# Homework Help: Beginning Antiderivative Question

1. Jan 19, 2009

### calisoca

1. The problem statement, all variables and given/known data

Find the antiderivative of $$F(x) \ = \ \sqrt{\frac{5}{x}}$$

2. Relevant equations

$$F(x) \ = \ \sqrt{\frac{5}{x}}$$

3. The attempt at a solution

1.) $$F(x) \ = \ \sqrt{\frac{5}{x}}$$

2.) $$F(x) \ = \ (\frac{5}{x})^\frac{1}{2}$$

3.) $$F(x) \ = \ \frac{5^\frac{1}{2}}{x^\frac{1}{2}}$$

4.) $$F(x) \ = \ (5^\frac{1}{2})(x^\frac{-1}{2})$$

This is where I am stuck.
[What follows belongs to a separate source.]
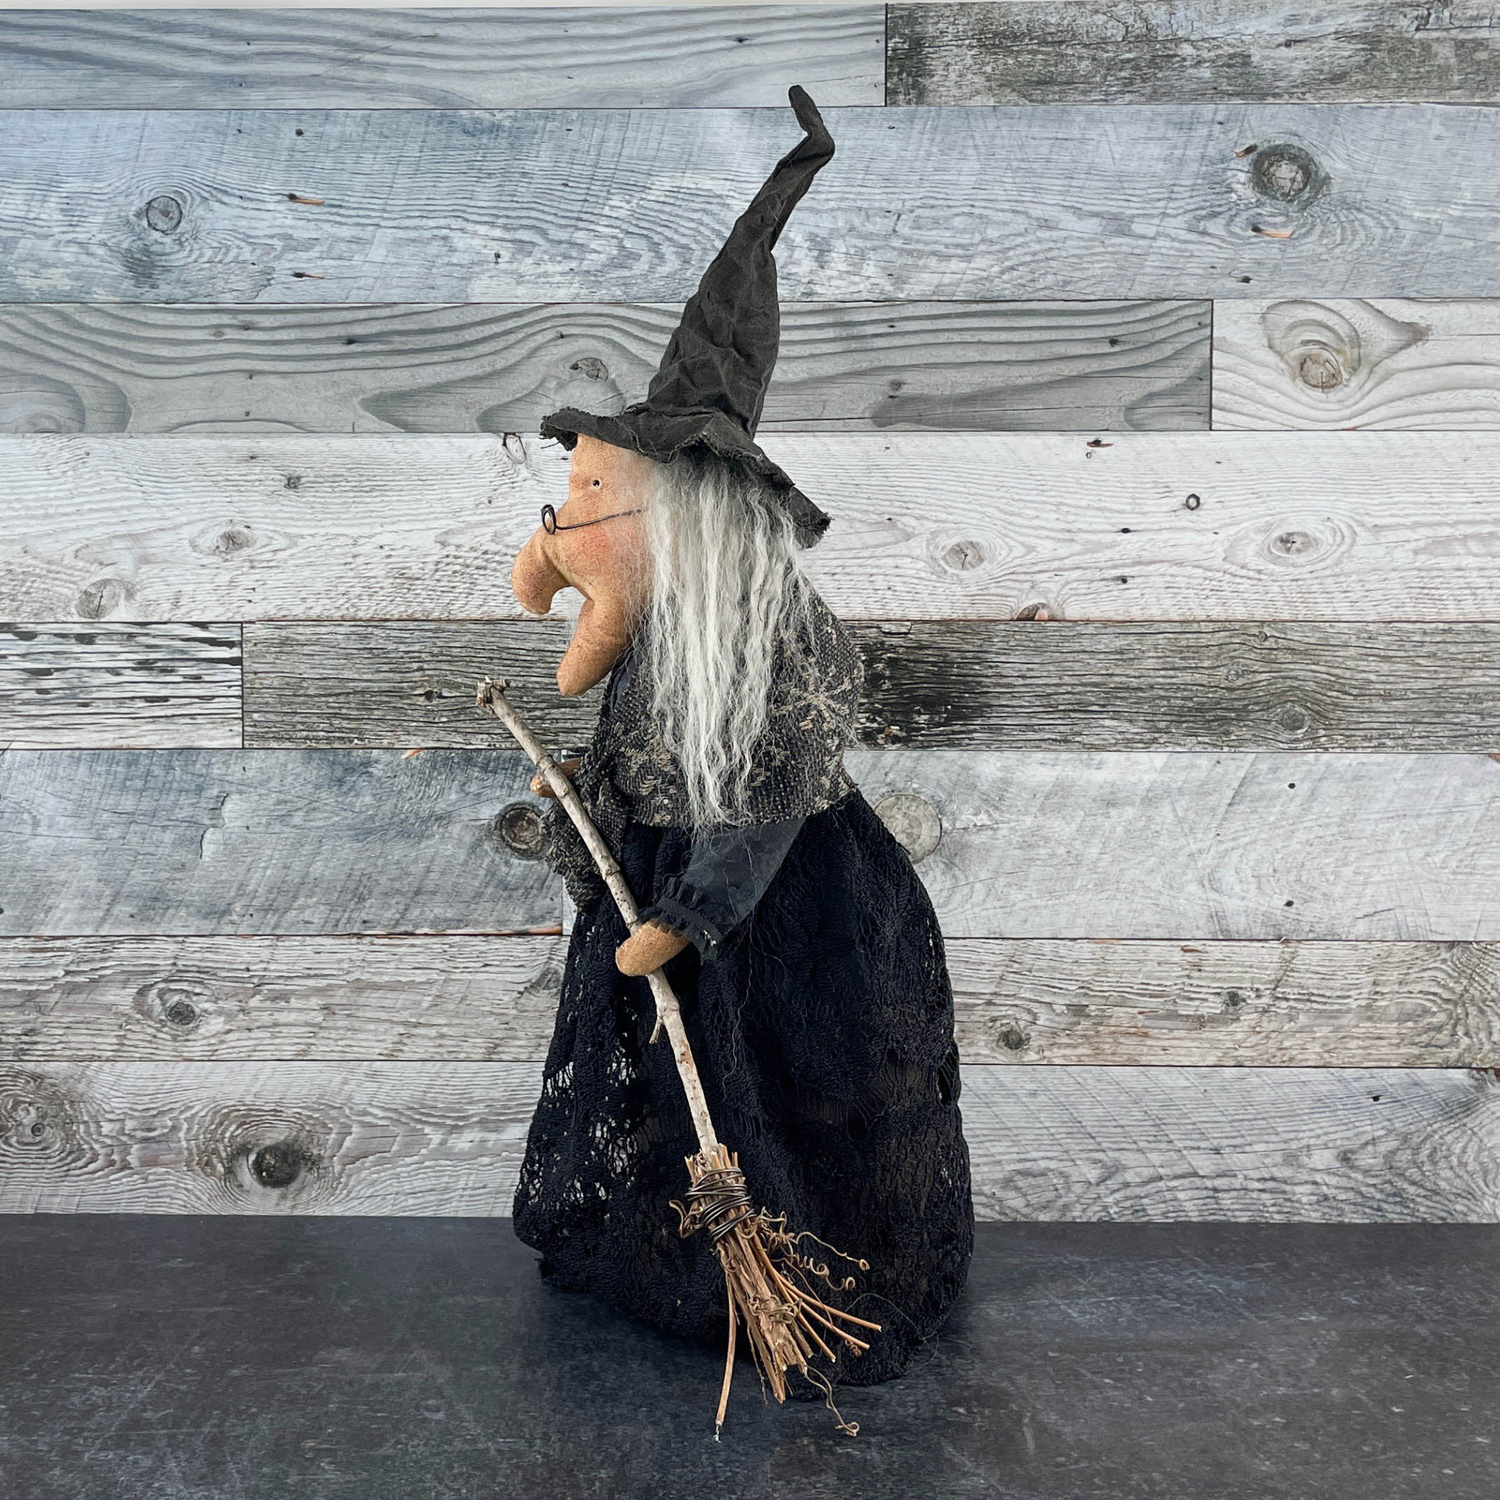 Harriet Hollows, Handmade Halloween Witch Doll

I can find the antiderivative of the $$x^\frac{-1}{2}$$ term, which would be $$2\sqrt{x}$$, but I'm not sure where to go with the $$5^\frac{1}{2}$$ term.
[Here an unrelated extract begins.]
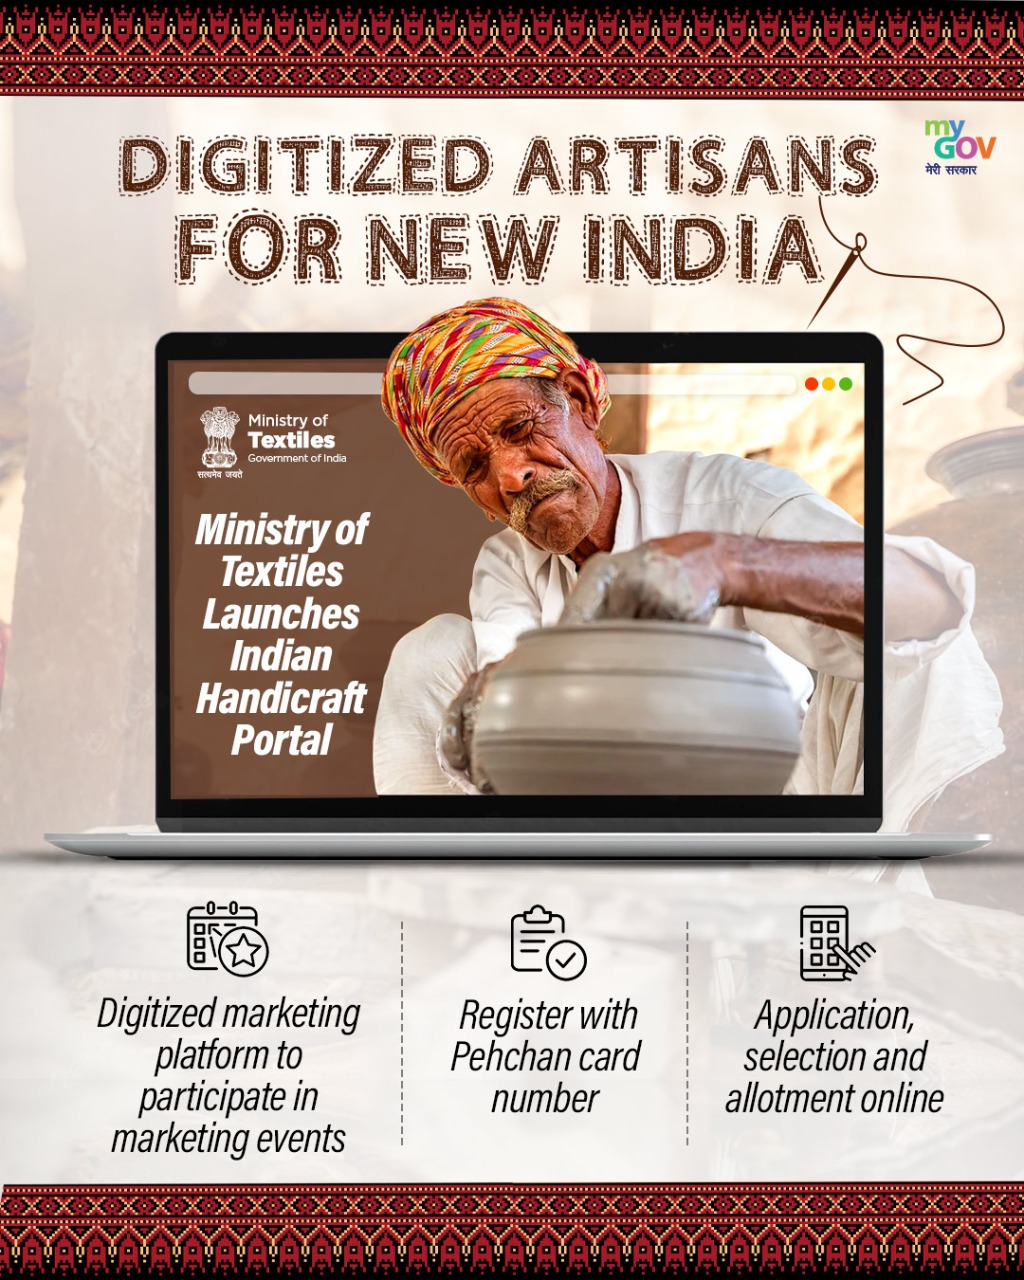 Indian Handicraft Portal for our #Aatmanirbhar craftsmen

Any help would be greatly appreciated.

2. Jan 19, 2009

### Staff: Mentor

You can use the power rule for antidifferentiation. If n != -1,
$$\int x^{n} dx = \frac{x^{n + 1}}{n + 1} + C$$

3. Jan 19, 2009

### jgens

The sqrt(5) is merely a constant. Integrating functions is similar to differentiating functions. If I asked you to find d(kf(x))/dx where k is a constant, you would likely say kf'(x). Apply similar thinking when applying anti-differentiation.

4. Jan 19, 2009

### calisoca

Well, I know that, for example, if asked to find the antiderivative of 5, the answer would be $$5x + C$$.

I was trying to use similar logic here by saying $$5^\frac{1}{2}$$ would become something like $$\frac{10\sqrt{x^3}}{3}$$. However, that didn't seem right.

So, if I follow the logic that $$kf(x)$$ derives to $$k\frac{df}{dx}$$, and since $$5^\frac{1}{2}$$ is simply a constant, then I would just leave it as is.

Thus, the antiderivative would be $$(\sqrt{5})(2\sqrt{x})$$.

Am I understanding this correctly?

5. Jan 19, 2009

### Dick

You are understanding it correctly.

6. Jan 19, 2009

### calisoca

Thank you very much everyone for all of your help!

7. Jan 19, 2009

### HallsofIvy

Which, of course, is the same as $$2\sqrt{5x}+ C$$ so that it is in the same form as the original function (and don't forget the "C").

8. Jan 19, 2009

### calisoca

Yes, of course! Thank you, HallsofIvy.